Celebrities including Eddie McGuire, Geoffrey Rush, Corinne Grant and Hugo Weaving have signed the petition, calling on the government to “save” the college.
I don’t see how ‘responsible division management’ is necessarily related to the so-called ‘Melbourne model’ of the curriculum. It seems to me the sort of devolved responsibility for administration and budget that is routine in several universities that have a standard undergraduate curriculum such as the University of Melbourne’s near neighbour Monash University.
The ‘Melbourne model’ isn’t ‘widely criticised’ as Crook claims. It may be criticised by some within the University of Melbourne and by some conservatives in the Melbourne establishment, but that is a rather narrow group despite Crook’s heavy reliance on it. The Melbourne model is widely admired within Australian higher education, emulated by some, and of course absolutely standard in elite US universities.
http://www.administration.unimelb.edu.au/project_rdmi/background.html
“Responsible division management”… “business units”…new layers of corporate staff… This is the organisational corollary of corporatist language. I can hear Don Watson retching in the corridor, groping through the toxic Prickspeak.
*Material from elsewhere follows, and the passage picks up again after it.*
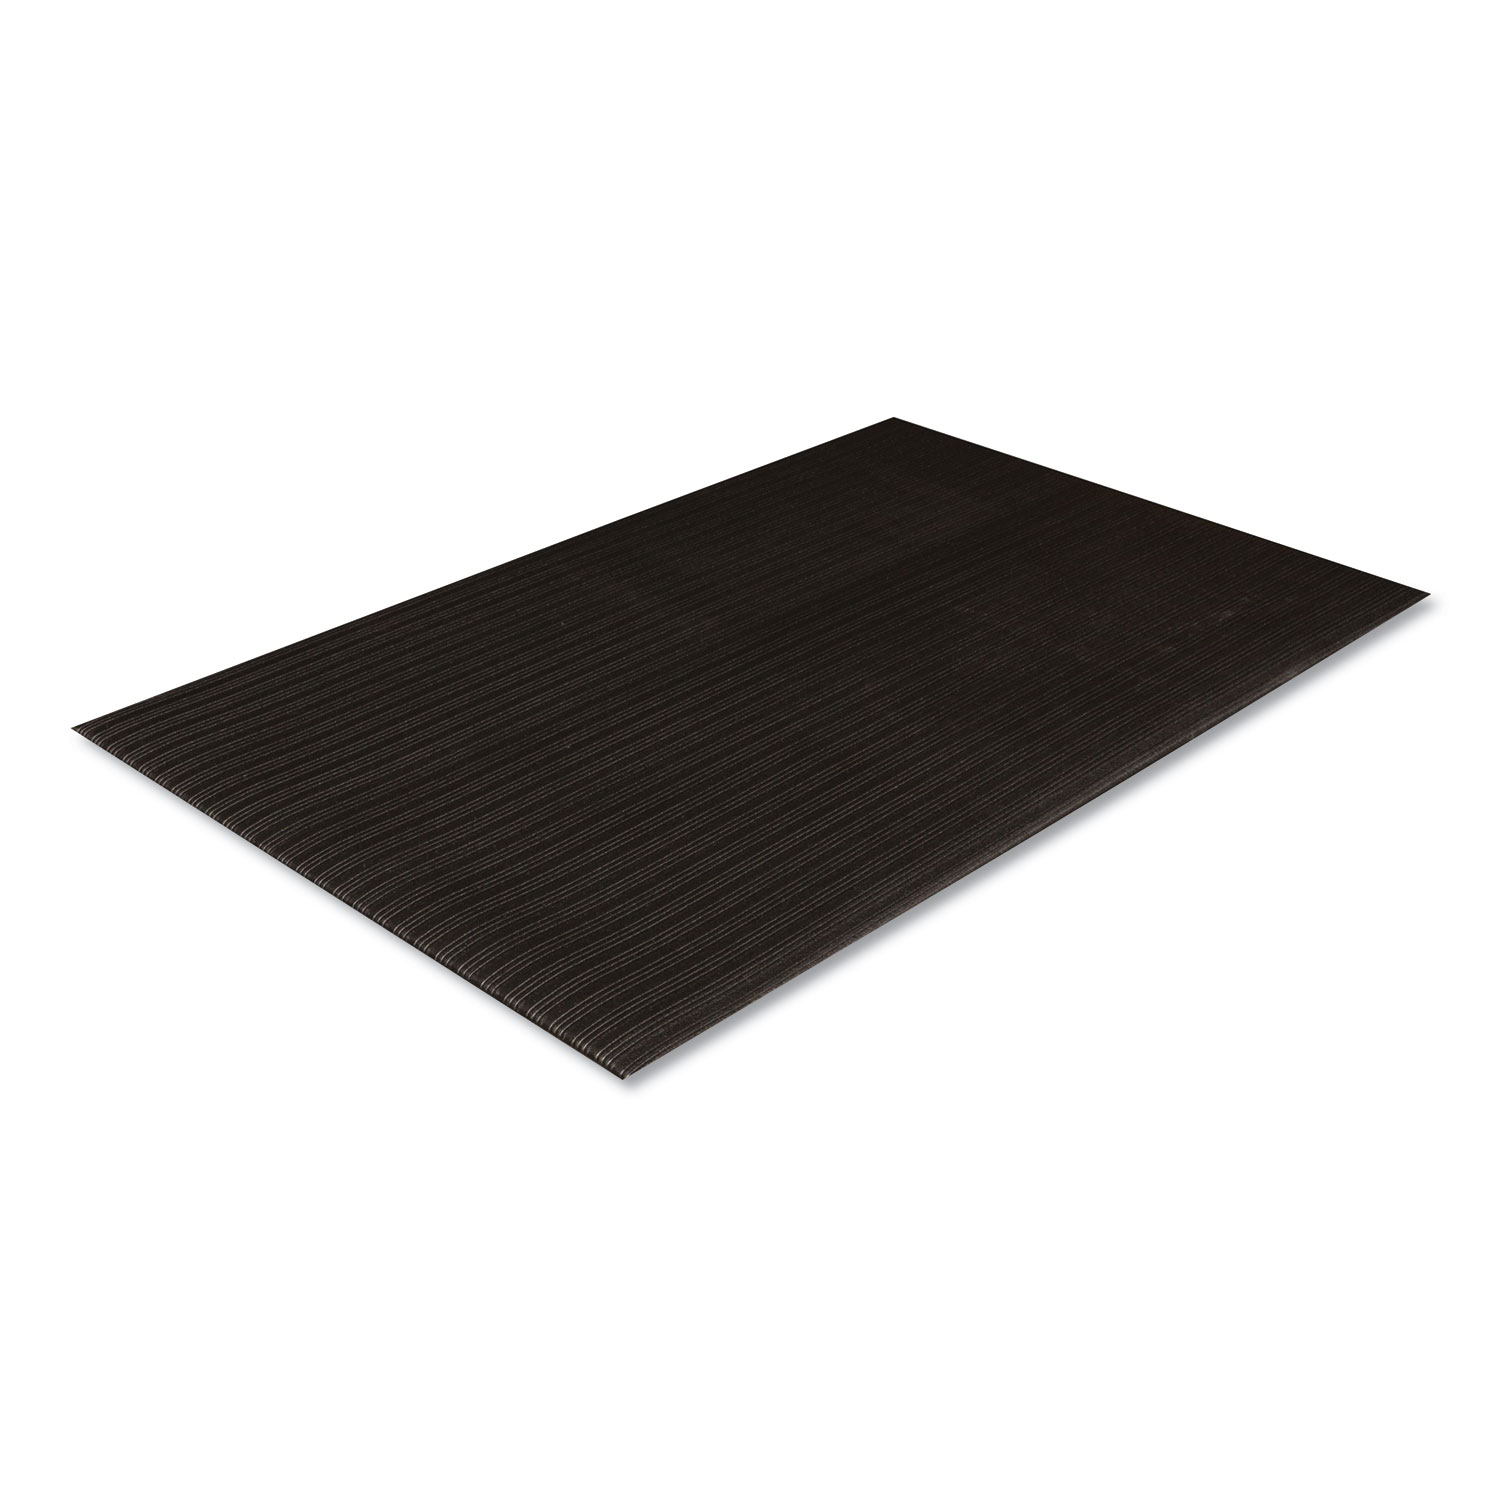  Crown FL 3660BK Ribbed Vinyl Anti-Fatigue Mat, 36 x 60, Black (CWNFL3660BK)

“Universities” are not universities any more. (I walked out in 1993).
Even then corporates had started drowning the academic kittens. I’d rather be a feral cat.
The humanities and pure sciences have been choked one by one. Corporatism is the real culture war. It’s colonised politics, academe and everything else. The brawls between Windspittle, Manne et al are mere tribal spats. The suits don’t give them a glance..
Of course those seeking to introduce responsible division management or any administrative change in any university relate it to the university’s academic plan, but the relationship here is contingent, not necessary.
In its background to the project the university says ‘The University of Melbourne’s Growing Esteem strategy is conceived as a triple helix – three strands of core activities in teaching and learning, research and knowledge transfer – each sharply focused and well-resourced, and all mutually supportive’.
The so-called triple helix is of academic activities. The university makes clear that ‘Ensuring that the University is equipped with cost efficient enabling support services which deliver quality services within the available resources’ is (correctly) only a supportive activity.
My God, they can’t help themselves, can they?
“Growing Esteem strategy…sharply focused and well-resourced and all mutually supportive.” Which of the following does this describe?
(a) The Richmond Football club
(b) A group of unemployed MBAs
(c) The Fairfax board
I wonder if Don Watson has an armed wing? Has he declared independence? Can I seek asylum in Watsonia?